2.    2.  Perpustakaan dengan Staff Robot

                                                                        sumber: freepik.com

Jika di jaman sekarang kita masih melihat ada pegawai di perpustakaan, entah itu pegawai kebersihan perpustakaan, pegawai yang mencatat buku masuk dan keluar, atau pegawai yang menjaga perpustakaan, maka ada kemungkinan pekerjaan-pekerjaan tersebut akan tergantikan dengan hadirnya robot perpustakaan. Hal ini disebabkan, jika kita melihat beberapa industri sekarang, beberapa negara bahkan di Indonesia, peran manusia telah digantikan oleh robot. Salah satu contohnya robot pelayan restoran di sebuah restoran di Lampung. Munculnya hal semacam ini, tentu akan mengancam berbagai pekerjaan pelayanan lainnya, salah satunya pegawai perpustakaan. Kemajuan teknologi seperti mesin pembaca barcode dan sistem keamanan, akan memungkinkan perpustakaan dapat beroperasi tanpa adanya staff atau pegawai. Perpustakaan seperti ini nantinya akan beroperasi secara mandiri namun tetap dapat memberikan akses sumber daya perpustakaan kepada penggunanya.

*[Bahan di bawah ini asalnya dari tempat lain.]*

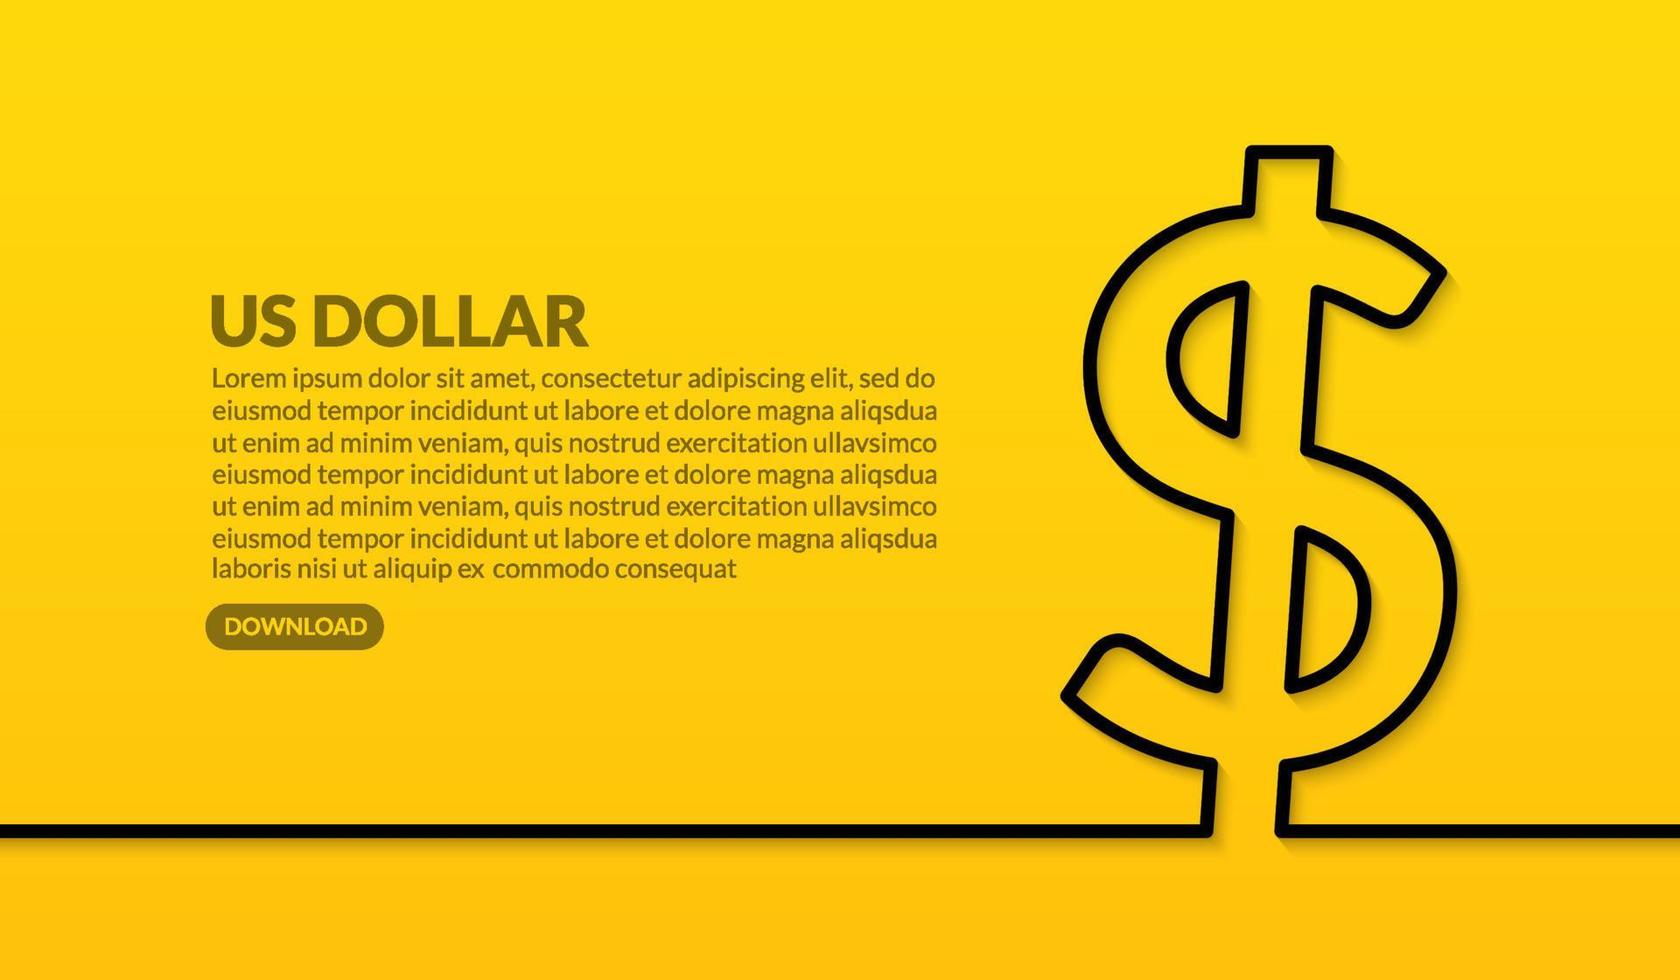 US-Dollar-Währung minimales Liniendesign auf gelbem Hintergrund, Online-Zahlungs- und Austauschkonzept vektor

3.     3. Perpustakaan Berakses Global

                                                                        sumber: pixabay.com

Kemajuan teknologi yang semakin pesat turut membawa pengaruh yang besar bagi tatanan kehidupan global. Internet berperan besar dalam hal ini. Setelah munculnya internet, batas antarnegara seolah semakin menyempit. Membuat kita dapat dengan mudah memperoleh informasi tentang daerah bahkan negara lain dengan mudah dan cepat. Kemudahan akses dalam globalisasi kemungkinan juga akan berdampak pada perpustakaan masa depan. Dimana, akan terbentuk perpustakaan global digital, yang akan menampung berbagai jenis buku dari berbagai negara dalam bentuk elektronik. Tentunya hal ini akan memudahkan bagi banyak orang untuk mendapatkan sumber daya perpustakaan dari negara lain. Mencakup seluruh sumber daya dari seluruh dunia dan memberikan akses ke sumber daya yang tidak tersedia di perpustakaan lokal.

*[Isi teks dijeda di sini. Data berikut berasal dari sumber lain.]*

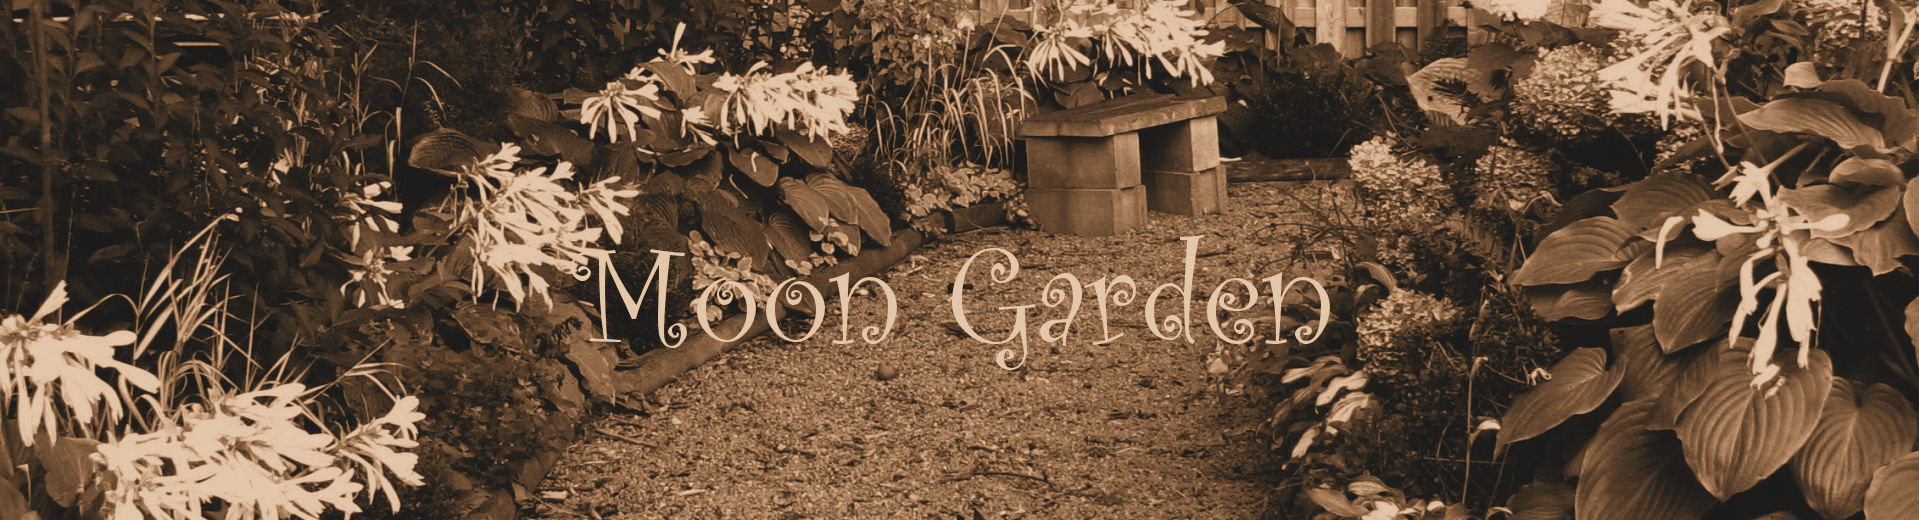 moon garden, white garden with silver foliage logo

4.     4. Perpustakaan Ramah Lingkungan

                                                                    sumber: freepik.com

Jika perkembangan teknologi di jaman sekarang saja sudah dikatakan cepat dan pesat, lantas bagaimana di masa yang akan datang? Dengan fasilitas, ilmu pengetahuan, dan sumber daya pendukung yang berkualitas, kemungkinan kemajuan dalam teknologi akan semakin mengerikan lagi. Oleh karena itu, dalam pengembangan teknologi juga harus memperhatikan kondisi lingkungan sekitar. Dalam hal ini, perpustakaan masa depan dapat berfokus pada keberlanjutan dan mencapai tujuan ramah lingkungan. Untuk mewujudkan perpustakaan yang ramah lingkungan, dapat menggunakan teknologi hijau, atau teknologi ramah lingkungan, seperti penggunaan lampu LED dan sumber energi terbarukan untuk menyalakannya. Misalnya, sumber listrik berasal dari PLTA. Serta praktek-praktek lainnya yang ramah lingkungan, seperti penggunaan kertas daur ulang untuk membuat buku cetak atau menggalakkan program daur ulang buku yang sudah tidak terpakai.

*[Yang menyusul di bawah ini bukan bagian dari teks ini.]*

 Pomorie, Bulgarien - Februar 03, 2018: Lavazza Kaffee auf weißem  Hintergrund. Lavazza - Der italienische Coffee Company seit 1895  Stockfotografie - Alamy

Berbagai kemungkinan dapat saja terjadi dalam mengembangkan perpustakaan masa depan ini. Semakin maju ilmu pengetahuan dan teknologi, akan turut mengubah budaya dan kondisi sosial masyarakat. Namun, tidak akan mengubah peran penting perpustakaan. Perpustakaan masa depan tetap akan menjadi tempat terpenting dalam aspek pendidikan, penelitian, dan pengembangan diri. Dengan teknologi dan akses global yang semakin maju, perpustakaan dapat memberikan akses ke sumber daya yang lebih luas dan bervariasi bagi pengguna dari berbagai latar belakang.

Agar perpustakaan masa depan dapat tetap relevan dan bersaing nantinya, perpustakaan juga harus terus melakukan inovasi dan beradaptasi dengan kebutuhan masyarakat 5.0. Seperti pengembangan teknologi yang inovatif dan ramah lingkungan, program pendidikan yang menarik dan berkelanjutan, serta menerapkan strategi pemasaran yang terencana untuk meningkatkan kesadaran dan minat masyarakat pada perpustakaan. Sehingga, nantinya perpustakaan masa depan dapat turut serta dalam mencerdaskan masyarakat dan membentuk masyarakat yang berbudaya.